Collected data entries
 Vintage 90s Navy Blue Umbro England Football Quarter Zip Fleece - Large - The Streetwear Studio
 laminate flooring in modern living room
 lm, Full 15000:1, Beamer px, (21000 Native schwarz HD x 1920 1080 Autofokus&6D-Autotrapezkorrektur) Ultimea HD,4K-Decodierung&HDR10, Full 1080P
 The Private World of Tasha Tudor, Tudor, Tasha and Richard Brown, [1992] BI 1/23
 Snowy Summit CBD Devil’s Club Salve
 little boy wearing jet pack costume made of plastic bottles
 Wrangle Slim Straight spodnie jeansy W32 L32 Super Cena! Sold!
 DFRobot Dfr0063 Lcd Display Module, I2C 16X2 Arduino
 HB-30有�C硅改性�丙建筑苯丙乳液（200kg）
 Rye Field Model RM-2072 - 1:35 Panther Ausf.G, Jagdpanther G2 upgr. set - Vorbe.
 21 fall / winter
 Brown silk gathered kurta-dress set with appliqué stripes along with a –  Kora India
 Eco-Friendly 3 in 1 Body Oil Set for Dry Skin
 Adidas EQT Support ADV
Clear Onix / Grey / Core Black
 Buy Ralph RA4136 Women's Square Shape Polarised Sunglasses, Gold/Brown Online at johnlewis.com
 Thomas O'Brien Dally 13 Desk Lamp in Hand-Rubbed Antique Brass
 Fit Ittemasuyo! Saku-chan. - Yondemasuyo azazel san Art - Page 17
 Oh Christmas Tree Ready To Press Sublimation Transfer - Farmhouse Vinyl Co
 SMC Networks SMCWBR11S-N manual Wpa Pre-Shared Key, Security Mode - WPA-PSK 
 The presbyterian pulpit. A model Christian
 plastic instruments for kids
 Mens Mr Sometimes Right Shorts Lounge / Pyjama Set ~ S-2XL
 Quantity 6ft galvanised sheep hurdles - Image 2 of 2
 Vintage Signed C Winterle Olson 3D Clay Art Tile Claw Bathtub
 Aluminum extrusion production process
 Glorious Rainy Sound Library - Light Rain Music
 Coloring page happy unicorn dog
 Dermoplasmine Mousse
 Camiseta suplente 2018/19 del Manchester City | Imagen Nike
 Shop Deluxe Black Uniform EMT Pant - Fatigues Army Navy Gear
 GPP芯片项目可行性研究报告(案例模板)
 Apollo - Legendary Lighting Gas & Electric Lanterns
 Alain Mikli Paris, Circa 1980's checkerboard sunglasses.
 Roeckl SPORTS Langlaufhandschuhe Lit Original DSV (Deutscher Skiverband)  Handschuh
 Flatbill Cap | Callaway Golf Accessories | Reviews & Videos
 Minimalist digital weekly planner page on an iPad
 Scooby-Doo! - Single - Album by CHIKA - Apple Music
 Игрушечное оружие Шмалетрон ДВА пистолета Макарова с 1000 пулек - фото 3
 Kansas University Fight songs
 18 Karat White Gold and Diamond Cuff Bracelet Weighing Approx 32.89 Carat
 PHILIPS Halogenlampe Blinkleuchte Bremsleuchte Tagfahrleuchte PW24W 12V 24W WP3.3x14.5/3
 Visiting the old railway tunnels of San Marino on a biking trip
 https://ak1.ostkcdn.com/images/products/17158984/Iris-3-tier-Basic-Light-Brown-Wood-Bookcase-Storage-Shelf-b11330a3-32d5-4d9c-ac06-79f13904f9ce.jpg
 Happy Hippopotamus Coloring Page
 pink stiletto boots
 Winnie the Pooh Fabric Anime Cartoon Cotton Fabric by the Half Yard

Task goal »
Print the lines above from the one with "Glorious Rainy Sound" through the one with "Flatbill Cap |", both included, exactly as written and nothing more.

Response area »
 Glorious Rainy Sound Library - Light Rain Music
 Coloring page happy unicorn dog
 Dermoplasmine Mousse
 Camiseta suplente 2018/19 del Manchester City | Imagen Nike
 Shop Deluxe Black Uniform EMT Pant - Fatigues Army Navy Gear
 GPP芯片项目可行性研究报告(案例模板)
 Apollo - Legendary Lighting Gas & Electric Lanterns
 Alain Mikli Paris, Circa 1980's checkerboard sunglasses.
 Roeckl SPORTS Langlaufhandschuhe Lit Original DSV (Deutscher Skiverband)  Handschuh
 Flatbill Cap | Callaway Golf Accessories | Reviews & Videos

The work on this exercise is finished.